Military parade held in Santiago, Chile

The 1993 Chilean Military Parade was held at O'Higgins Park in Santiago on 19 September 1993 to commemorate the Day of the Glories of the Army.

The military parade was presided over by President Patricio Aylwin and attended by Army commander-in-chief Augusto Pinochet, with contingents of the Chilean Armed Forces and Carabineros de Chile participating in the ceremony.

The parade took place less than four months after the Boinazo, one of the major episodes of civil–military tension during the Chilean transition to democracy. On 28 May 1993, Army personnel wearing black berets and combat equipment were deployed near government buildings in Santiago while Aylwin was abroad, amid tensions related to the investigation of the Pinocheques case.

==Background==
===Boinazo===
Relations between the Aylwin government and the Army had been marked by several episodes of tension. In 1990, the Army carried out the Ejercicio de Enlace, and in May 1993 the Boinazo again involved the mobilization of military personnel amid disputes concerning investigations involving Pinochet's family.

During the Boinazo, soldiers were deployed in central Santiago while Army generals met at the Armed Forces Building. The episode occurred while Aylwin was outside Chile and was associated with the investigation into financial transactions involving Augusto Pinochet Hiriart.

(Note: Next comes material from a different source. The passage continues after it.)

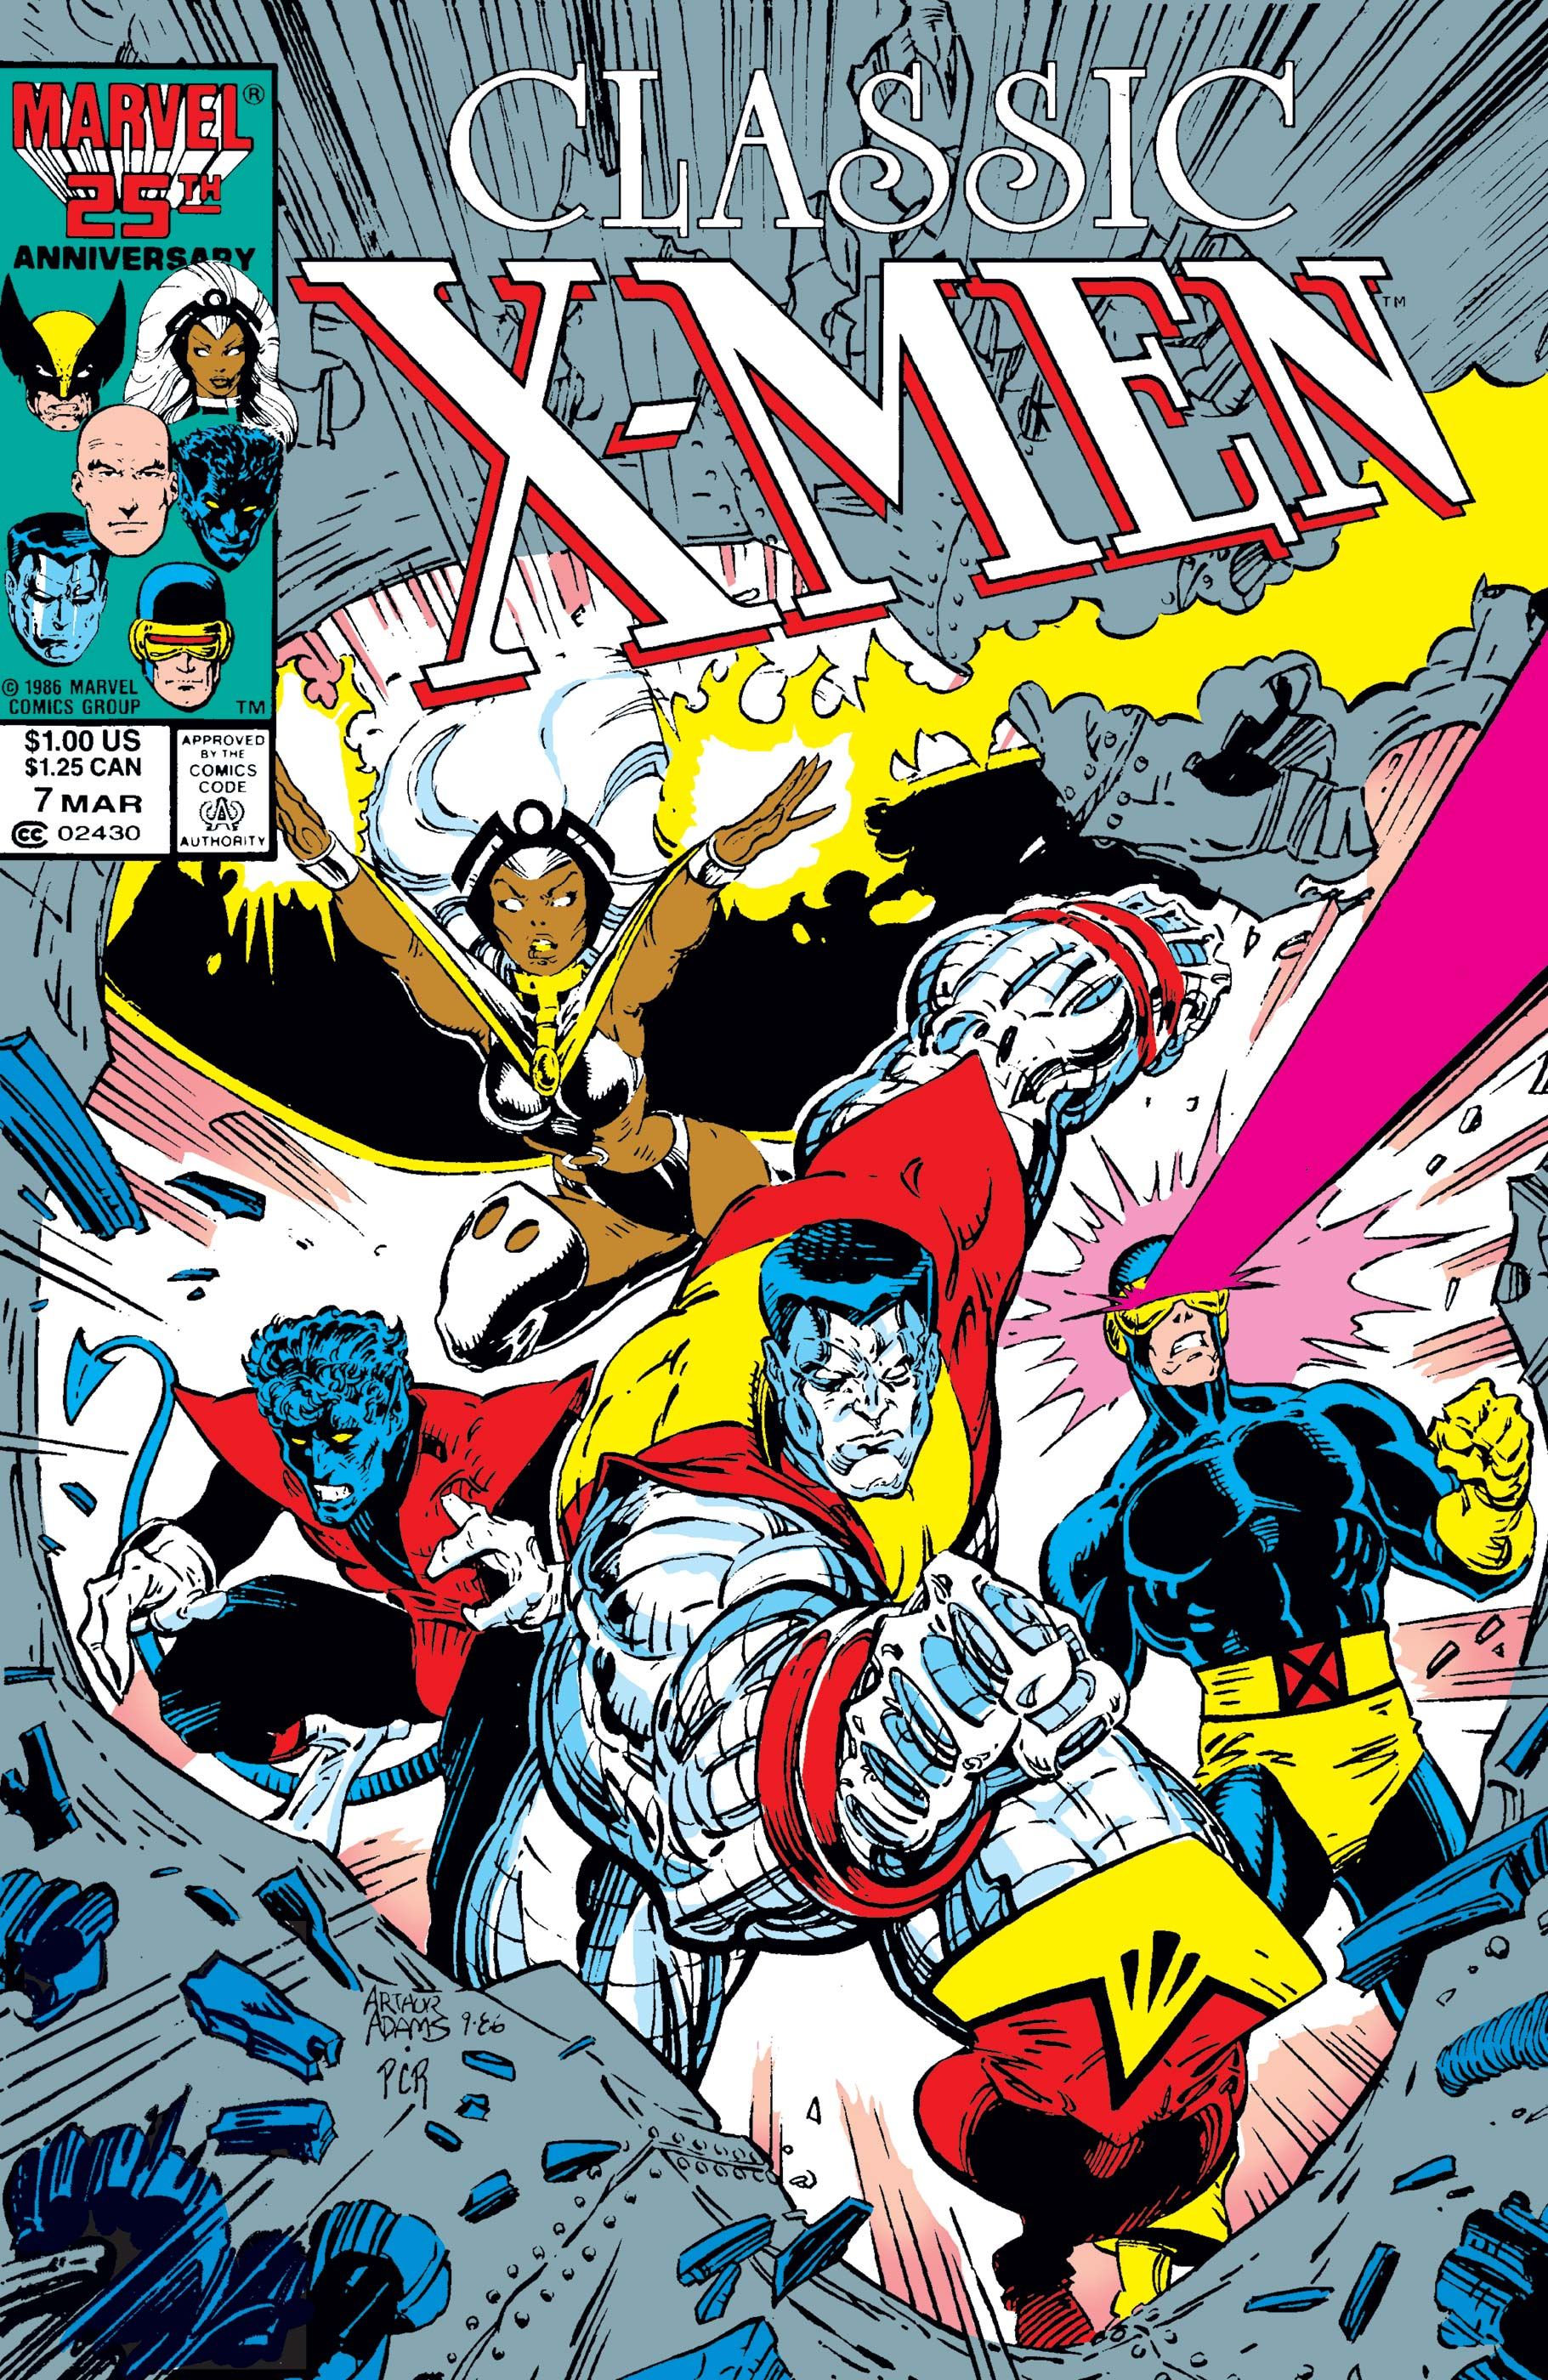 Classic X-Men (1986) #7
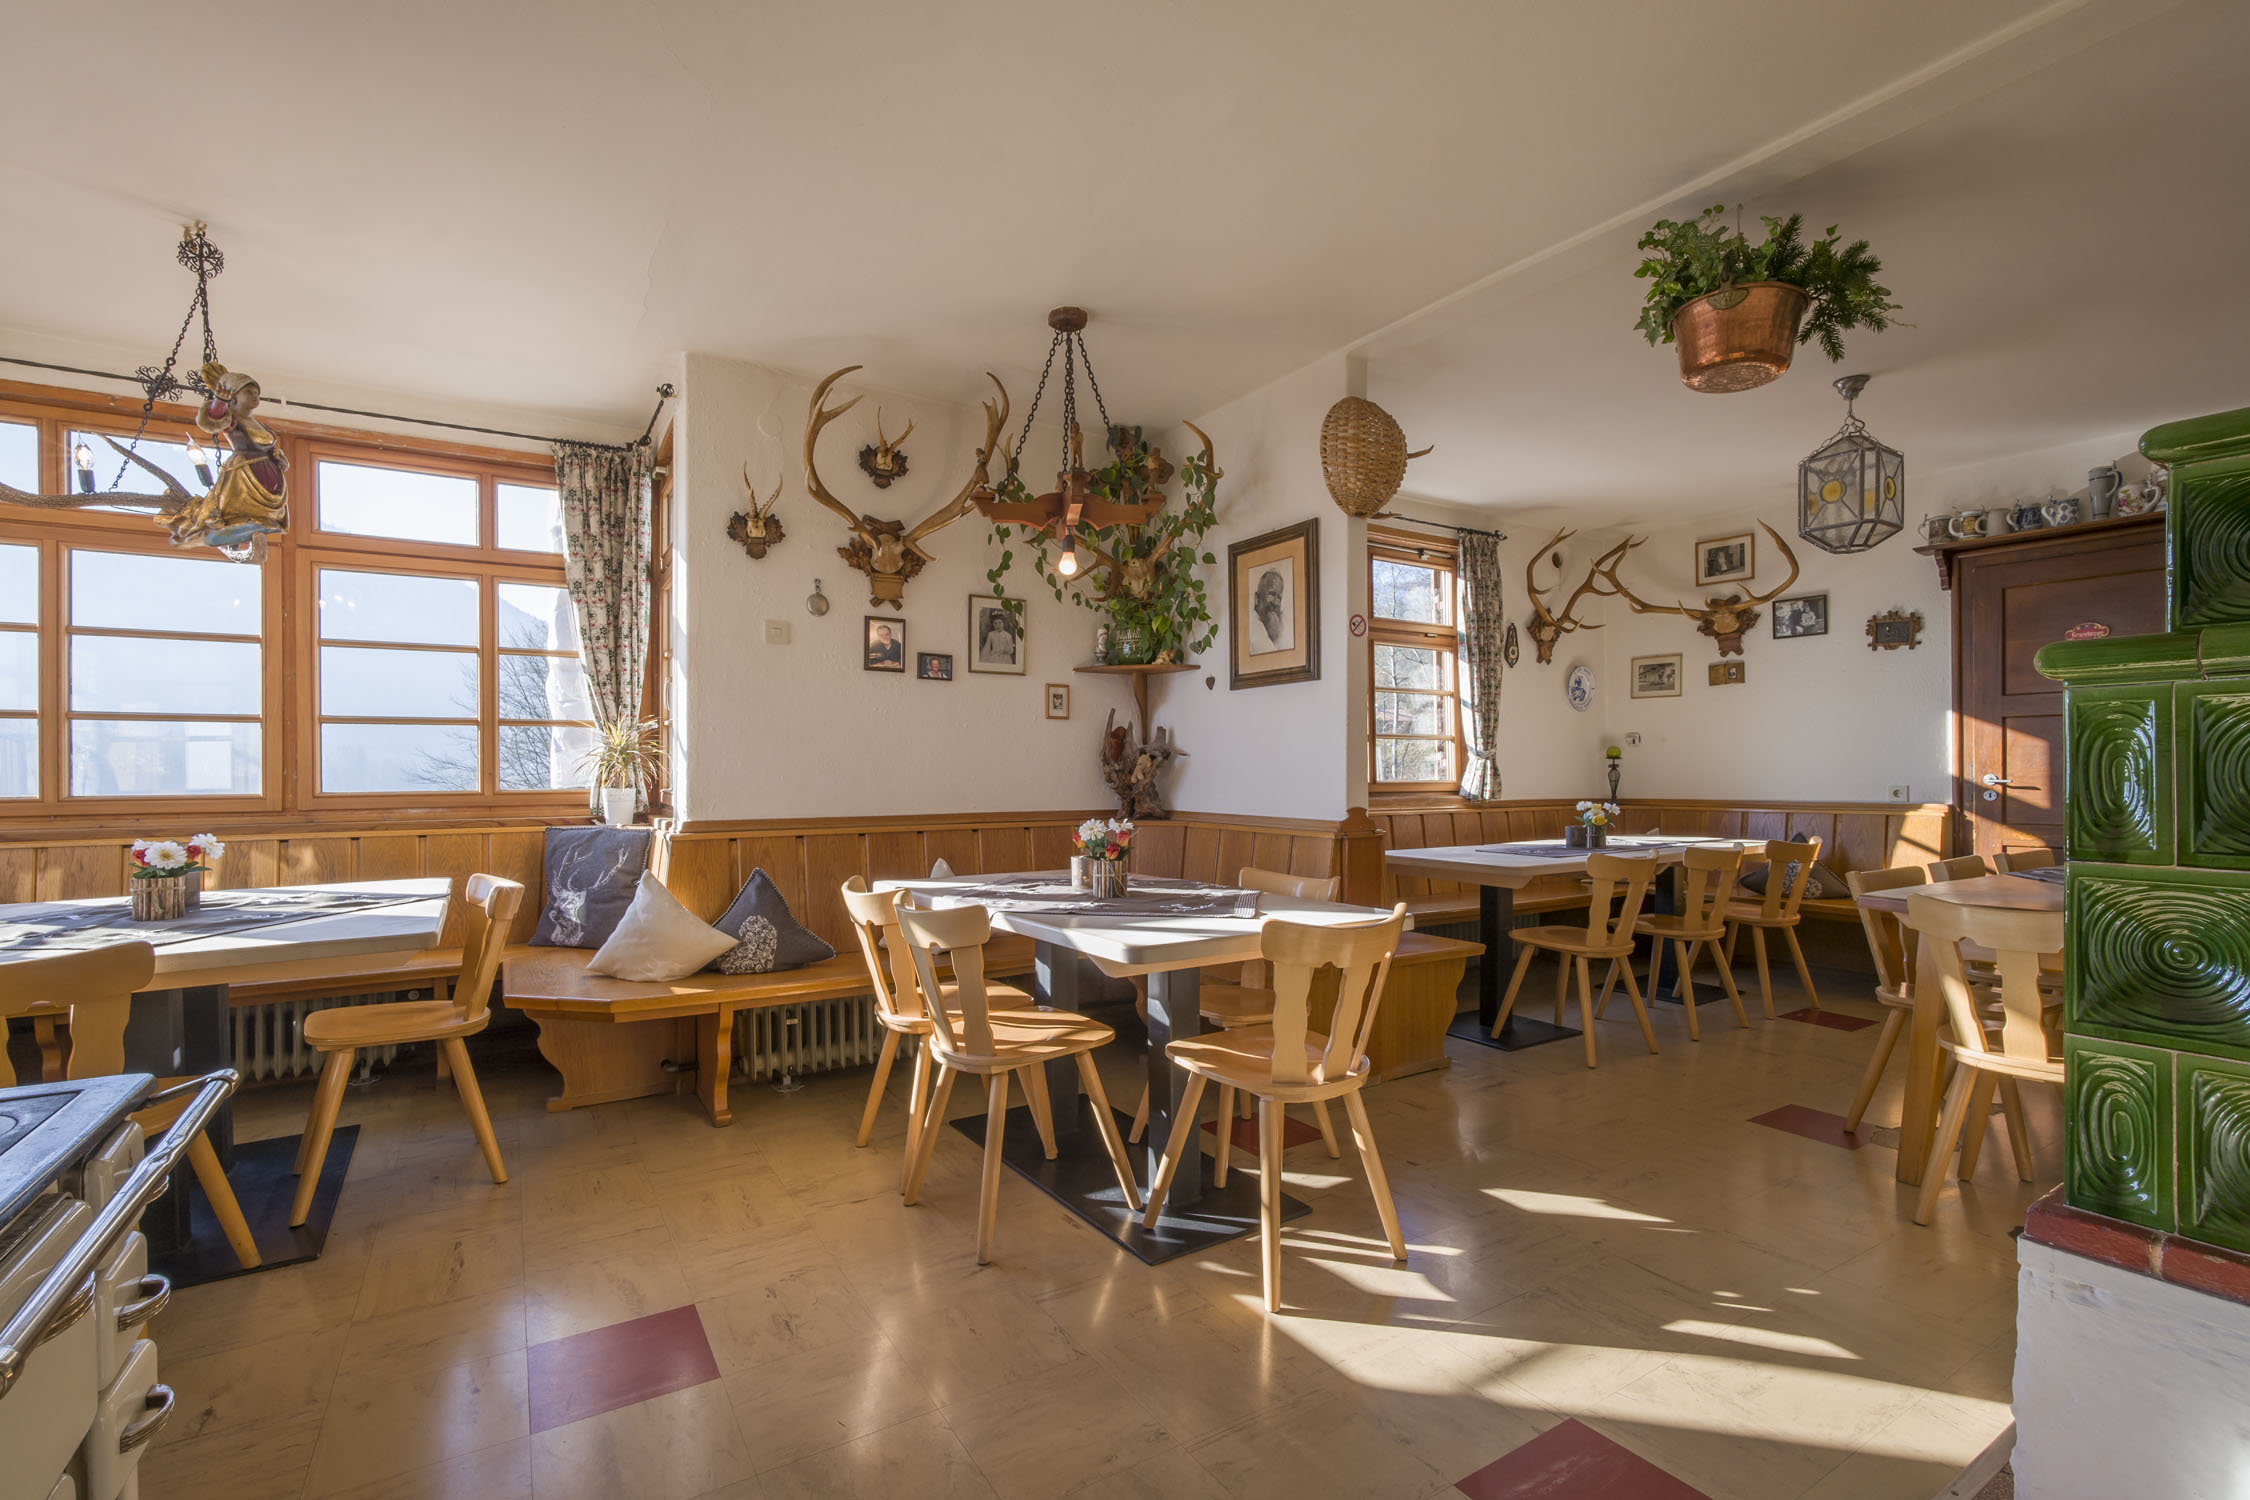 Ferienwohnung Berggasthof Hummelei (DE Oberaudorf). Ferienwohnung bis 4 Personen (711721), Oberaudorf, Chiemgau, Bayern, Deutschland, Bild 11

The September parade consequently brought Aylwin and Pinochet together at the traditional military ceremony several months after the confrontation.

== Parade ==
The ceremony was held at O'Higgins Park on 19 September and followed the traditional presentation of Chile's military and police institutions.

Aylwin attended the ceremony as President of Chile, while Pinochet participated as commander-in-chief of the Army. It was Aylwin's final Military Parade as president before the end of his term in March 1994.